‘The Gathering Murders,’ by Keith Moray

The Gathering Murders

Not bad. That’s my verdict on The Gathering Murders: Dead Men Tell No Tales, by Keith Moray.

West Uist is a fictional island off the west of Scotland. Each year it hosts “The Gathering,” a Gaelic festival and book festival, subsidized by “the Laird,” the owner of a string of cut-rate book shops.

The chief law enforcement officer is Torquil McKinnon, newly promoted to Inspector. He is the nephew of the local priest, Lachlan McKinnon, and his nickname is “Piper.” In fact he has high hopes for winning first prize in this year’s bagpipes competition.

The big star at this year’s book festival is a native daughter, Fiona Cullen, a mystery writer and once upon a time Torquil’s sweetheart. She greets him with the promise of renewed affections, but she also seems determined to cause a lot of trouble. And trouble there is, beginning with the suspicious murder of a noted local poet and bootlegger. The deaths don’t stop there, and Torquil finds he may be over his head investigating this kind of crime spree.

I liked The Gathering Murders.
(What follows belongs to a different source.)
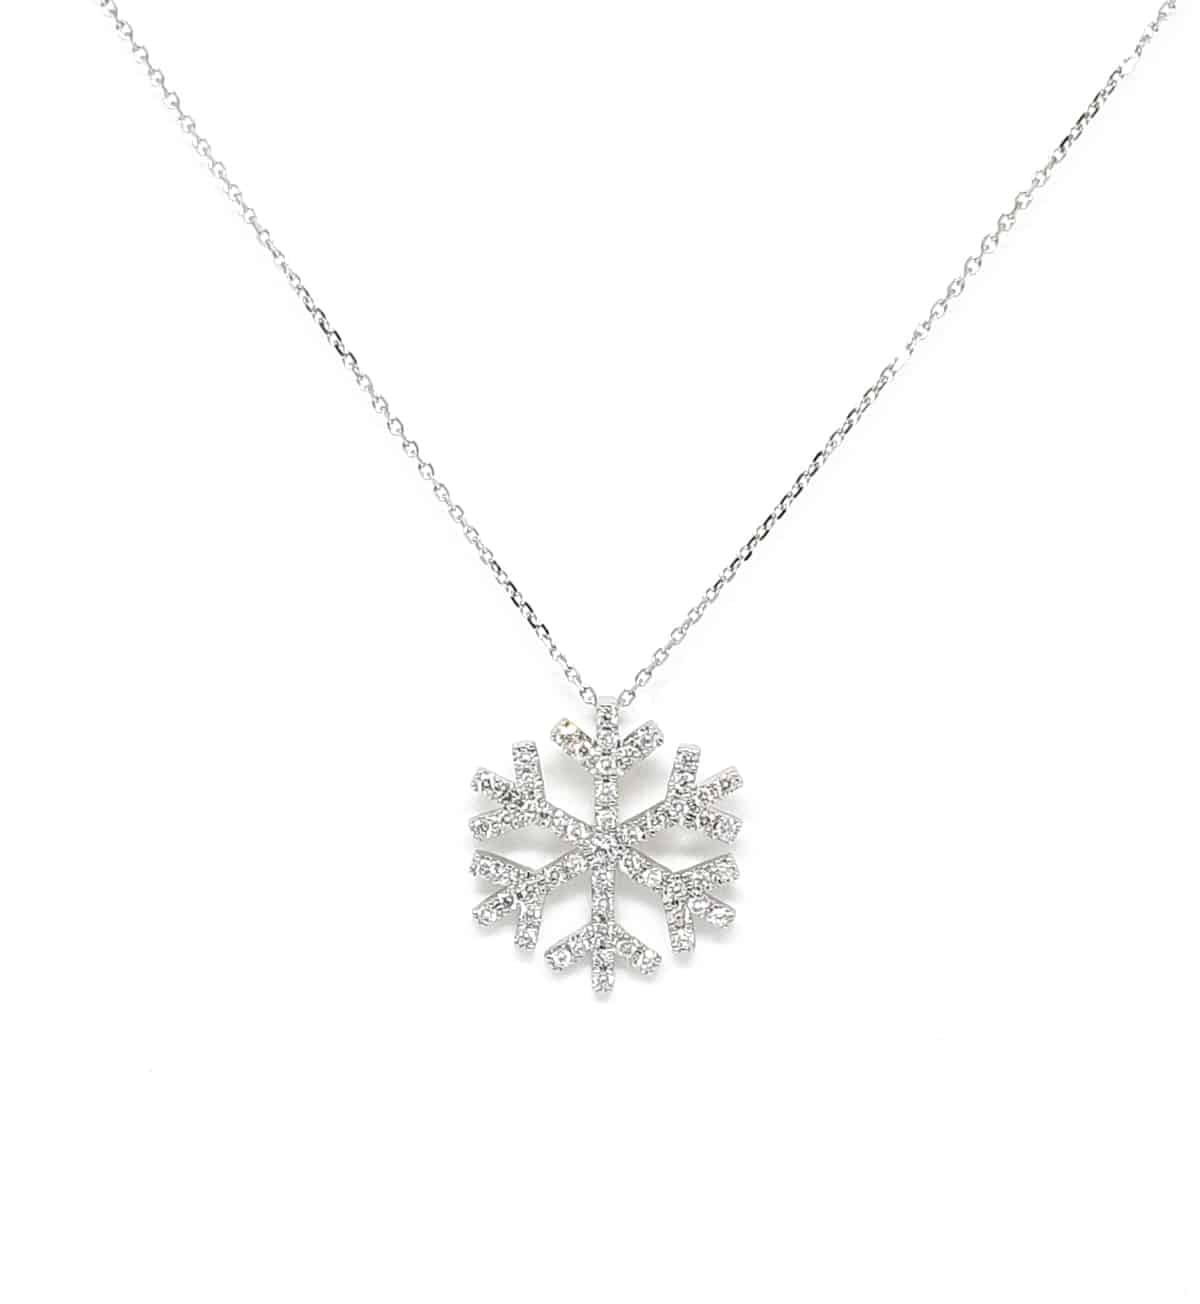 DeRocks Winter Dream Diamond Pendant in 18K White Gold - DeRocks ...

I thought the writing a little unpolished, but the story kept my interest and the characters engaged me. If, like me, you like a Scottish setting, this is a pretty good one, well brought to life.

Cautions for mature material, mostly language and sexual suggestions (though nothing explicit). Christianity comes out pretty well, especially because Father Lachlan is a very sympathetic character.